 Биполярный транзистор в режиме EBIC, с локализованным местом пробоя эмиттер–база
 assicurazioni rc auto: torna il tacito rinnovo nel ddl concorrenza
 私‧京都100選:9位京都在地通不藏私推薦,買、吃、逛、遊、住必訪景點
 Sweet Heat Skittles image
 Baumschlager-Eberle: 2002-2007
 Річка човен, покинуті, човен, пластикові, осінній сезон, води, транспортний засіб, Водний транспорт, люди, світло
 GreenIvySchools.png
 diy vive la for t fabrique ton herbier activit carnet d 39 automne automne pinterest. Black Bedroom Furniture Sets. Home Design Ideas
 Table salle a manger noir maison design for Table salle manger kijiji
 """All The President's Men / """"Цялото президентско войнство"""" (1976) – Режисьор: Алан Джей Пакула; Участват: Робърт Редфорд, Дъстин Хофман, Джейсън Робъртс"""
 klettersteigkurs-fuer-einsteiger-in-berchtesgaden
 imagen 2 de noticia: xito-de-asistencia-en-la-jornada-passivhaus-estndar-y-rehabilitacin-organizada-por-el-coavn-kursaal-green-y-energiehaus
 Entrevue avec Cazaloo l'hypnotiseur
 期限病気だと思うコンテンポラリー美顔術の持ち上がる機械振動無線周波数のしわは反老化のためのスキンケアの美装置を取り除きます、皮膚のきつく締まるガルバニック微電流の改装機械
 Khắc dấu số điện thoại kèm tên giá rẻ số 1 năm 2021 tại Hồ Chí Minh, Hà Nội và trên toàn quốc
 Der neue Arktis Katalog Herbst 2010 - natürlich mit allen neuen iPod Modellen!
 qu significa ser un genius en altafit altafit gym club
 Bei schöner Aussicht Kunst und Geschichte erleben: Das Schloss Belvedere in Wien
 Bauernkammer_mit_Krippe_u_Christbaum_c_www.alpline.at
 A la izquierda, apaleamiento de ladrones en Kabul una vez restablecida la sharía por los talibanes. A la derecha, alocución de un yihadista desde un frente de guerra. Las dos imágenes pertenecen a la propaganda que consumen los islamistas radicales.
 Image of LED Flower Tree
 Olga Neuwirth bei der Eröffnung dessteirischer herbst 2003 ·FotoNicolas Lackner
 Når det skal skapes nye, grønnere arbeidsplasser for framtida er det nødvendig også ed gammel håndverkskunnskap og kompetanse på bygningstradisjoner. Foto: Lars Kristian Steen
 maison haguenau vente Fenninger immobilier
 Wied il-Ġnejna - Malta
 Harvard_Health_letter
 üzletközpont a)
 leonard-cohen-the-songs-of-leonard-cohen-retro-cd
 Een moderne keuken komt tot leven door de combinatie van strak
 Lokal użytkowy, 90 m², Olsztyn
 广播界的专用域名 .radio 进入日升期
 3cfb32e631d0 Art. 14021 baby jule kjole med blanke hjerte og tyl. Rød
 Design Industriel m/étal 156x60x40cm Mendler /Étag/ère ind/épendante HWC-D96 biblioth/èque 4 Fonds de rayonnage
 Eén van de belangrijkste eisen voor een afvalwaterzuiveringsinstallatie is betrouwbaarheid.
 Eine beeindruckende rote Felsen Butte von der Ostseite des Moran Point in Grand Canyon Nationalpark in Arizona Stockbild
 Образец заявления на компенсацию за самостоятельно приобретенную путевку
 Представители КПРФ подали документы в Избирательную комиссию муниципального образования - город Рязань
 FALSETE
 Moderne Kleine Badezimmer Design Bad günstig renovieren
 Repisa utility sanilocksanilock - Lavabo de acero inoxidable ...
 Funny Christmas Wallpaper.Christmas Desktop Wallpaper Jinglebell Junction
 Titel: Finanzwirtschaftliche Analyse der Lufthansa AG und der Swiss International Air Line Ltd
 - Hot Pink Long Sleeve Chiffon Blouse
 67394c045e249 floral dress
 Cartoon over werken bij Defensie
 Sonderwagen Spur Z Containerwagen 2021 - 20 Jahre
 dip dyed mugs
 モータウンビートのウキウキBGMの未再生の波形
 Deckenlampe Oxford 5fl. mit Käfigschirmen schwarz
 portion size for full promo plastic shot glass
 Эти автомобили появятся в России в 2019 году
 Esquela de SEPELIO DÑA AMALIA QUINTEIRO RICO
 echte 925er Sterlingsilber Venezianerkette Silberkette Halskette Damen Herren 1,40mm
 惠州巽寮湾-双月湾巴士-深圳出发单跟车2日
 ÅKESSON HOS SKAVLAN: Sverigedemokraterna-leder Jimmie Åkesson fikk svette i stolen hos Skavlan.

**Task objective:** If a line in the material holds "maison", copy it.

**Written solution:**
 Table salle a manger noir maison design for Table salle manger kijiji
 maison haguenau vente Fenninger immobilier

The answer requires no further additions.